Figure1. This is the notation used.

Figure2. Representation of a possible set of substitutions.

Figure3. Substitutions after having solved cycles and chains.

🈺 This algorithm works for substitutions of MMonomialLike→MMonomialLike.
      In the case one has to deal with substitutions of MMonomialLike→Polynomial there are different possibilities.
      Suppose we are dealing with substitutions tensor of order m.

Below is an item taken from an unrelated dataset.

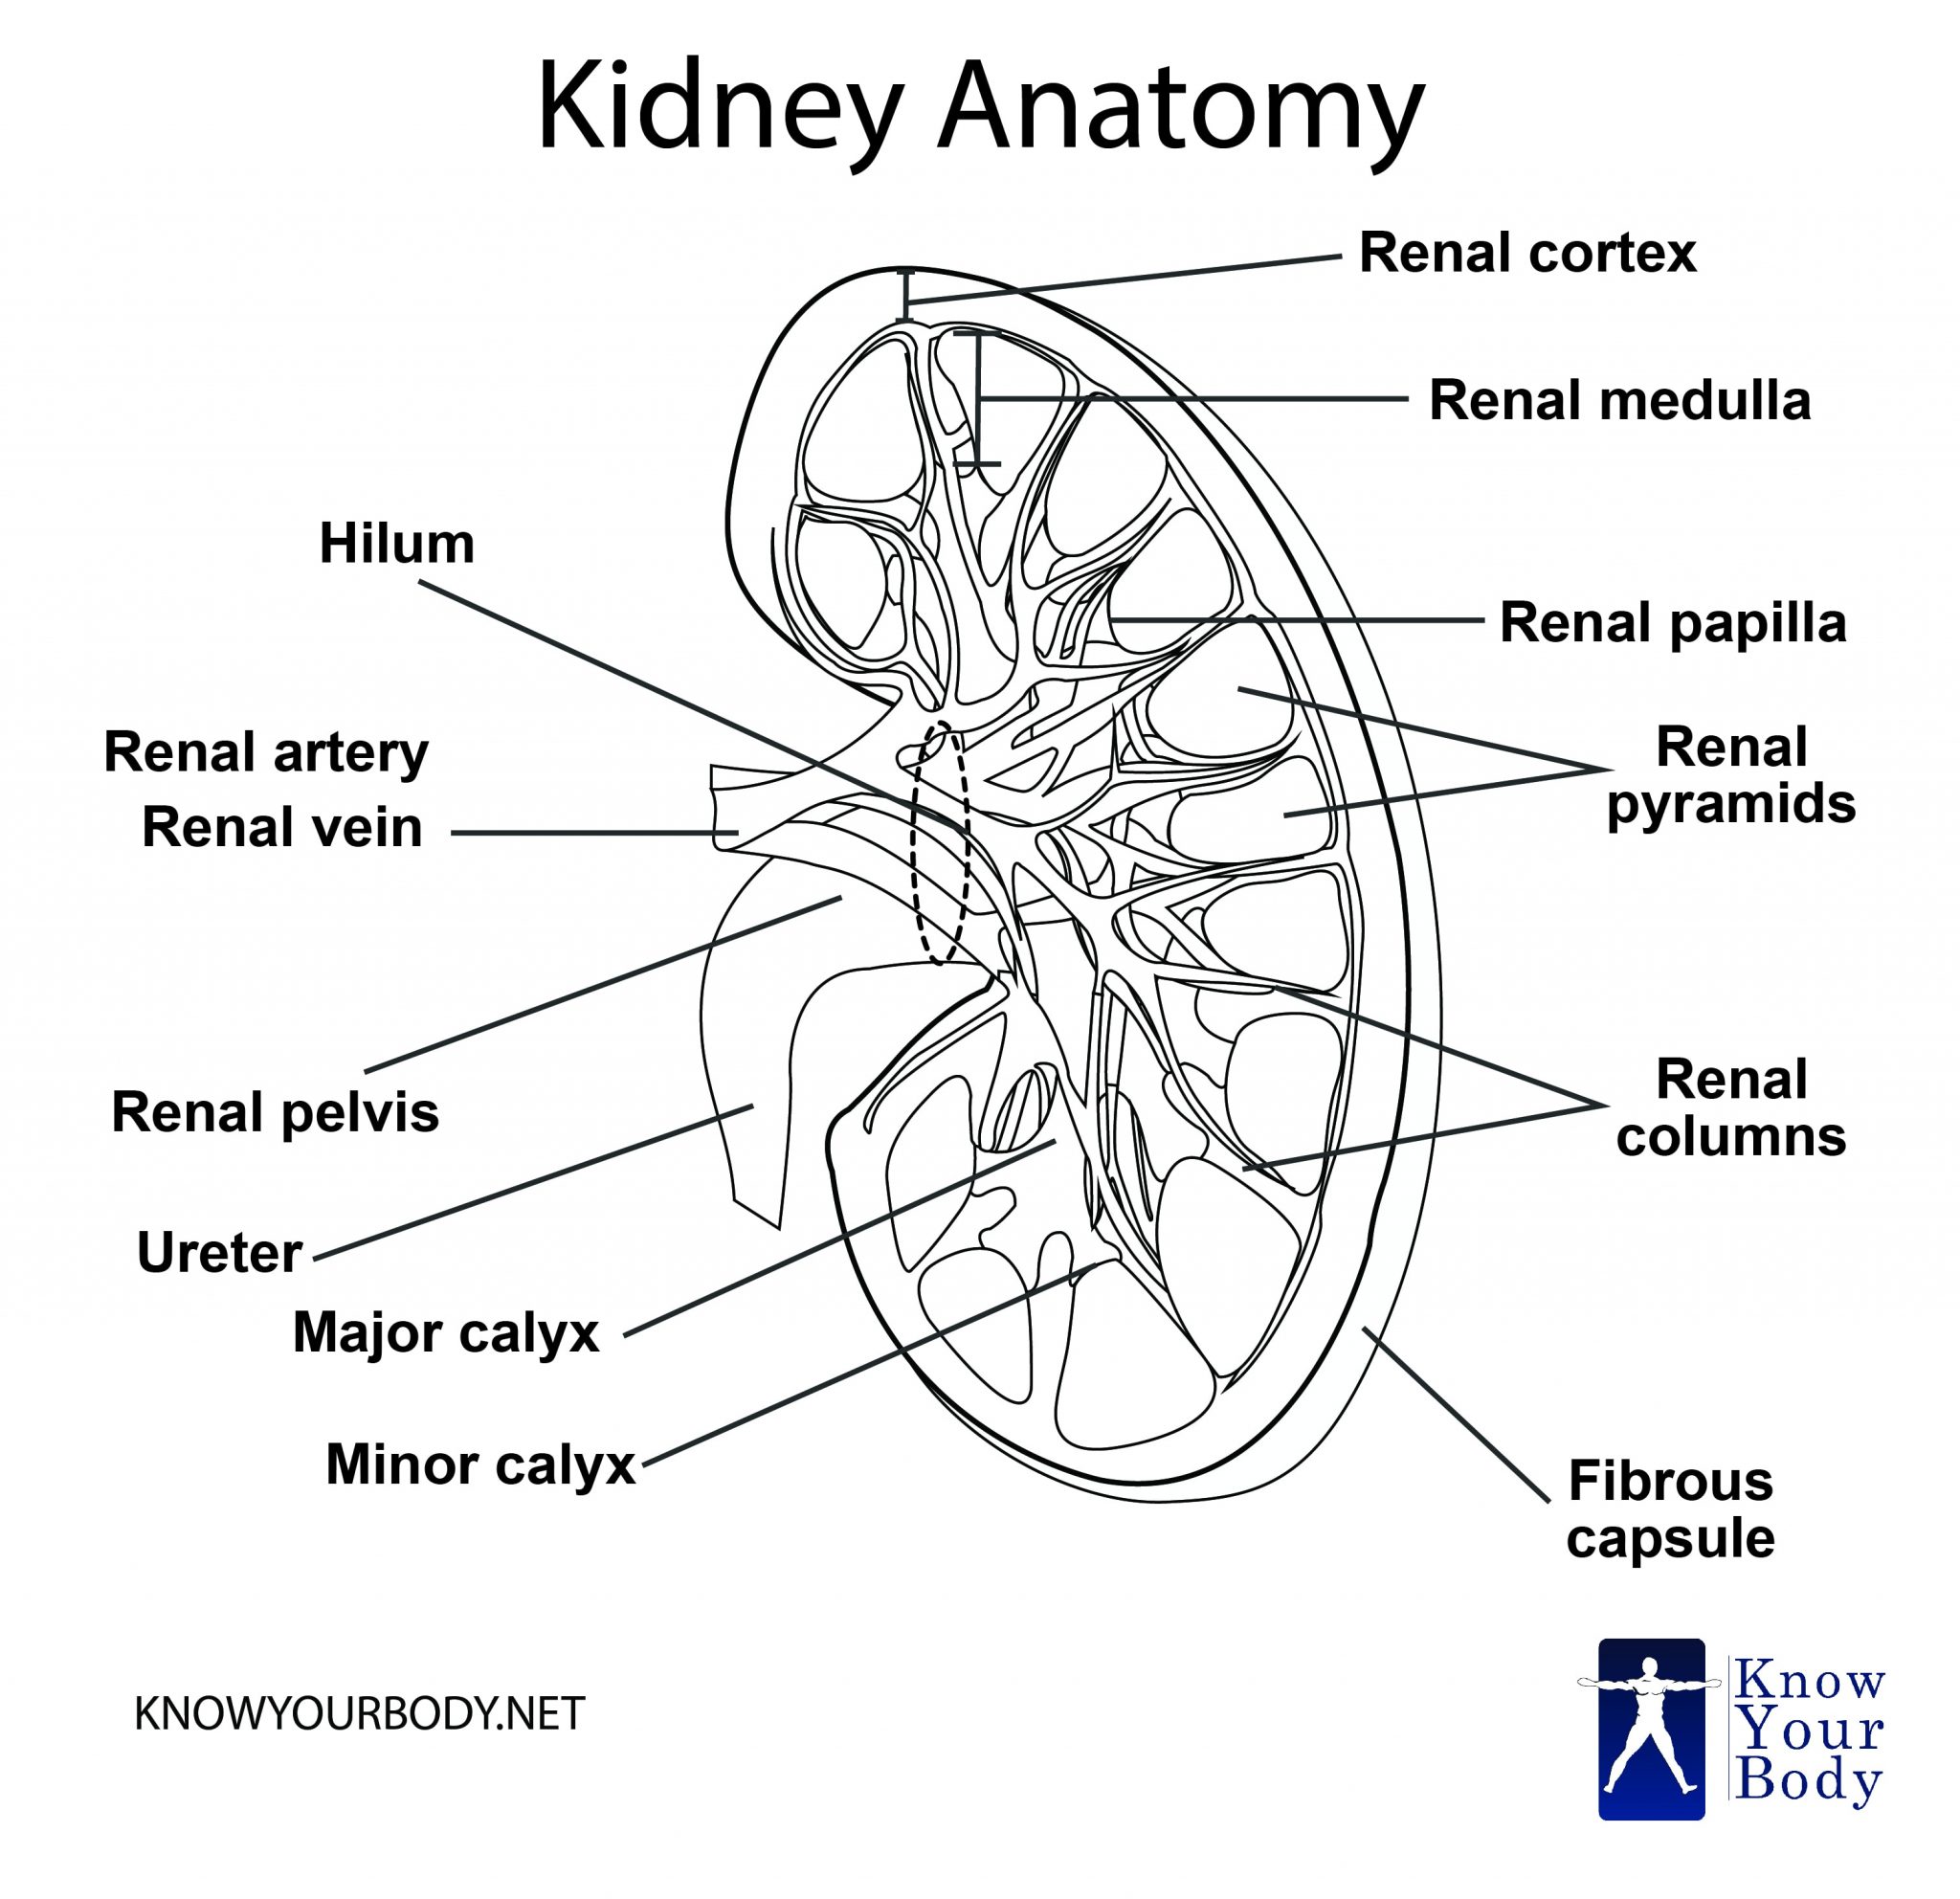 Kidney - Location, Function, Anatomy, Diagram and FAQs
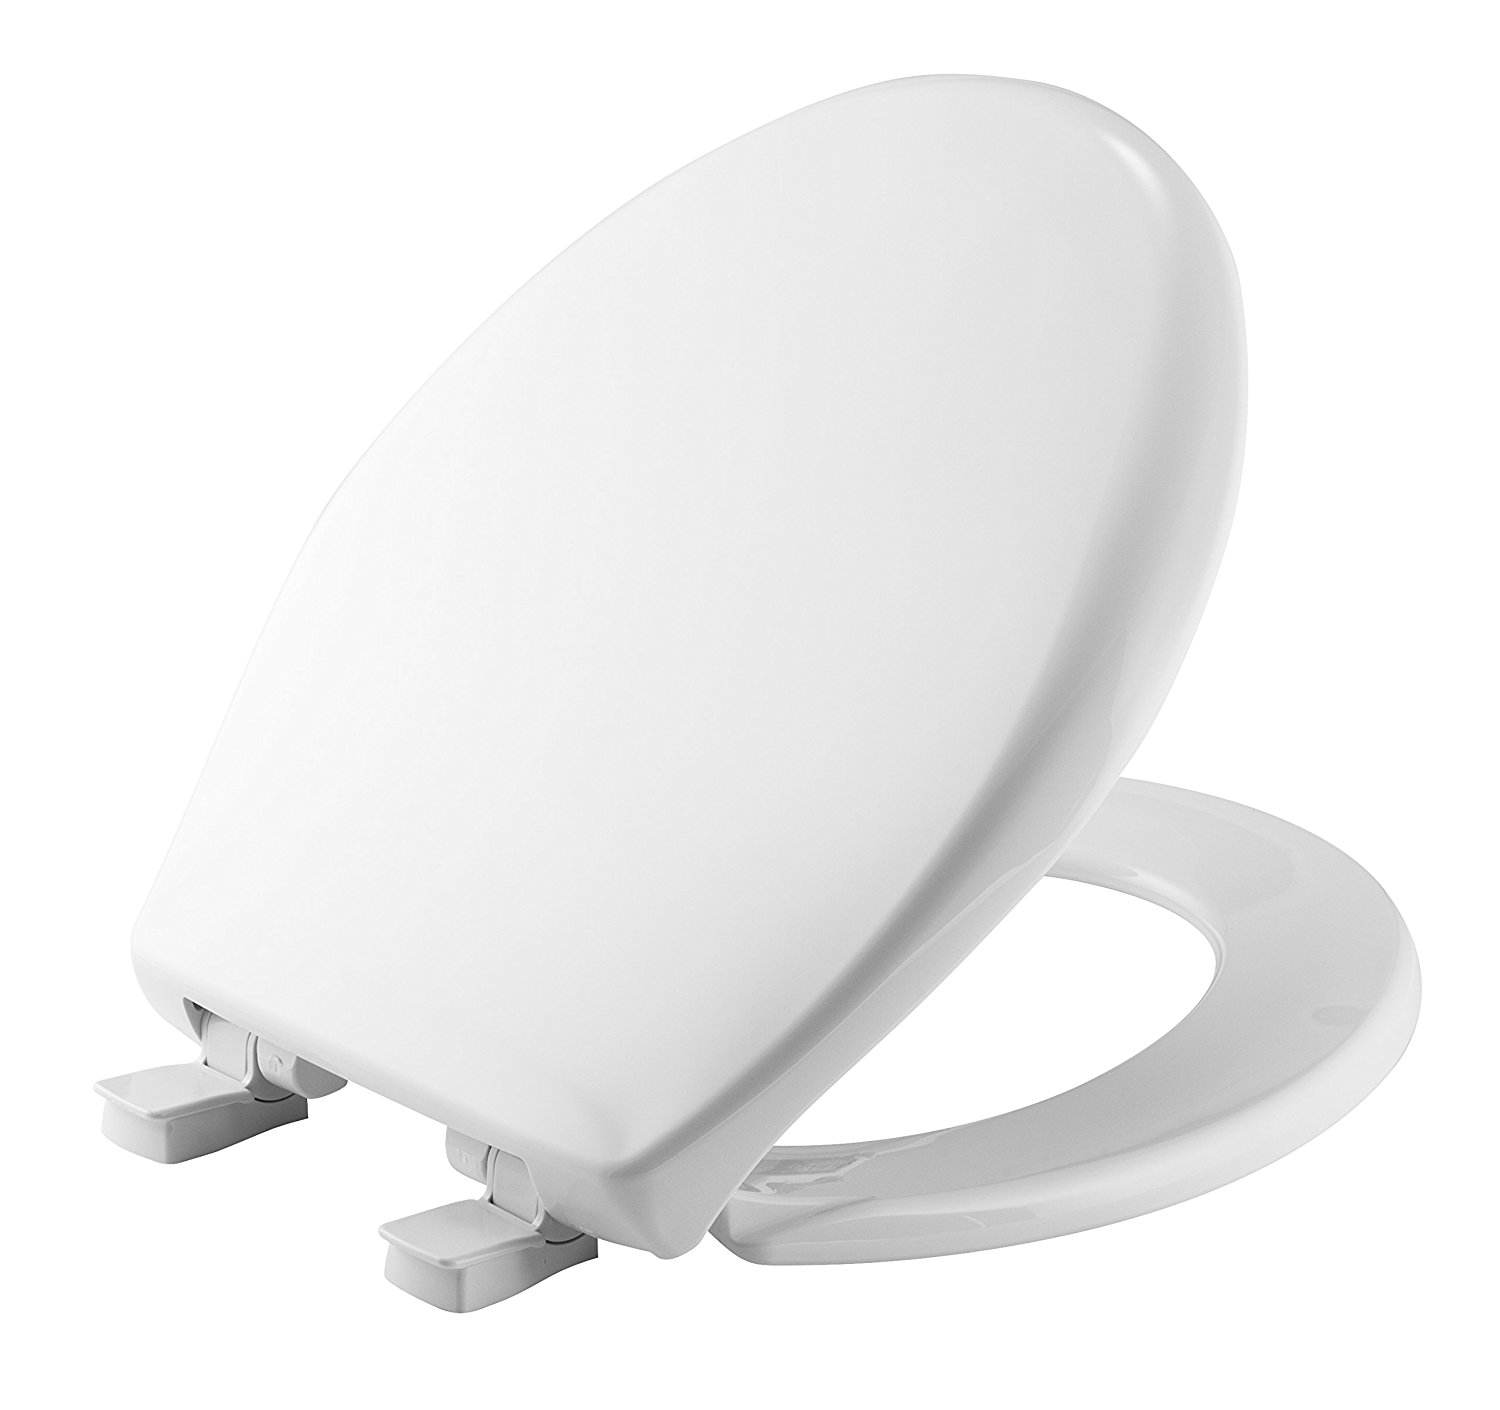 Mayfair 20SLOWE 000 Slow-Close Plastic Toilet Seat featuring Whisper-Close, Easy Clean & Change Hinges and STA-TITE Seat Fastening System, Round, White

Let us consider Tm[i_1,...,i_m]=P, where P is a Polynomial.

      ✅All the monomial in P of order smaller then m are accepted.
      ❌All the monomial in P of order bigger then m are not accepted and we will not accept T.
      ✅If in P there is a single monomial of order m than one runs the algorithm for MMonomialLike→MMonomialLikefollowing single monomials of order m.
      ❌If in P thare are more then one monomial of order m we will not accept the T.

      Possibly multiple monomial of degree m and monomial of degree higher then m are acceptable. We should ask Marc-Olivier.

We consider the vector of Pauli operators α={X,Y,Z}.
We indicate with [A,B] and {A,B} respectively the commutator and anticommutator of A and B.
The commutation and anticommutation rules of this set are known.
Given [α_1,α_2] and {α_1,α_2} we know that α_1*α_2=([α_1,α_2]+{α_1,α_2})/2.
The set of substitutions of degree 1 is

T1=[_,_,_]

We can then build the set of substitutions of degree 2:

        1   +iZ   -iY
T2 = -iZ     1    iX
       iY   -iX     1

The degree of the elements of T is at most 1 thus there are no cyclic paths. We can use it.

We consider the vector of Pauli operators α=[X_1,Y_1,Z_1,X_2,Y_2,Z_2].
The set of substitutions of degree 2 is the direct sum of the set of substitutions of order 2 for α_1=[X_1,Y_1,Z_1] T2_1 and the set of substitutions of order 2 for  α_2=[X_2,Y_2,Z_2] T2_2.
This sparsity should be exploited for bigger systems.